I am generating a Windows batch file that might become quite large, say a few megabytes. I've searched on possible limits regarding the maximum file size and maximum length of a line in a batch file but couldn't find anything. Any practical experiences?

+3  A: 

I think filesize can be anything up to 2 GB, perhaps even more. It's an interpreted language, so if this is done right, filesize limit should be the filesize limit of the file system. I never had any errors with batch files being too large, and some of those I created were several MBs in size.

There should be a line length limit, but it should be more than 256. This can easily be tested, just do some "set A=123456789012...endofline", after that "echo %A%", and you'll see how far you can go.

EDIT: Works for me with very long lines (around 4K), but at 8K echo gives a message "Line too long", so 8192 bytes should be some limit.

EDIT2: Now tested for filesize, too, tested with "echo off", thousands of set lines, after that "echo end", worked for a 11 MB file (although it took some seconds to finish :) - no limit in sight here.

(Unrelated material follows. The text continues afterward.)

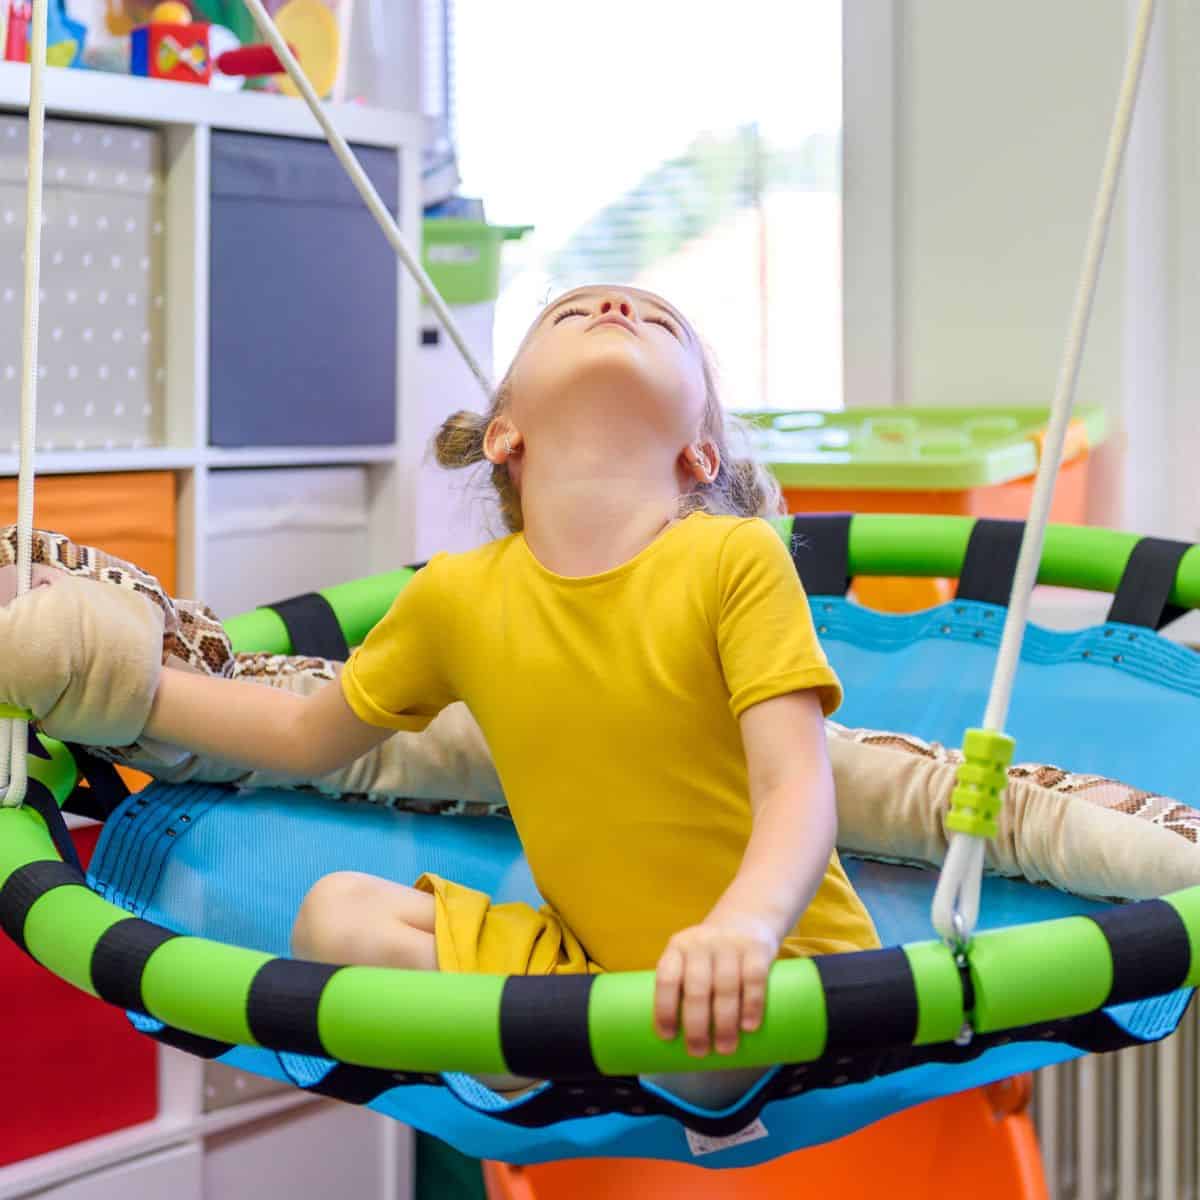 Occupational therapy for Autism is often recommended when a child is first diagnosed. Learn how OT can help your child with autism and what to expect!

Update: 110 MB worked, too. Is this enough? ;)

schnaader
nice. thanks for testing this for me :-) 8k sounds a lot, so I'll hope this is enough. Otherwise I could maybe split lines with this little hat ^?
zedoo
No, just tested, too. 8K seems to be an hard limit, even with splitting.
schnaader
Also note that this is for the final lines (with replaced variables), so echo %a%%a% will fail if %a% is a string longer than 4K!
schnaader
+1  A: 

some ideas, not necessarily mutually exclusive:

  • Switch to Powershell.
  • switch to a data-driven app, so that all the variable stuff is kept in a data file (csv, txt, whatever), and as a result you can have a smaller, boilerplate script that opens the data file and operates.
Cheeso
+1  A: 

It should work at least up to 2 GB. The lines are read directly from the BAT file on the disk (there is no caching involved). I make this statement because of the following:

In fact you can edit a BAT file while it is running! And it will work even though a text editor may rename the original version and save the new version in a new location on the disk. As long as you are careful not to insert text above the currently executing command. Lines can be changed/inserted/deleted below the currently executing command and the new lines will be the ones executed. I have often done this with BAT files containing a long list of wget commands, each taking tens of minutes to execute.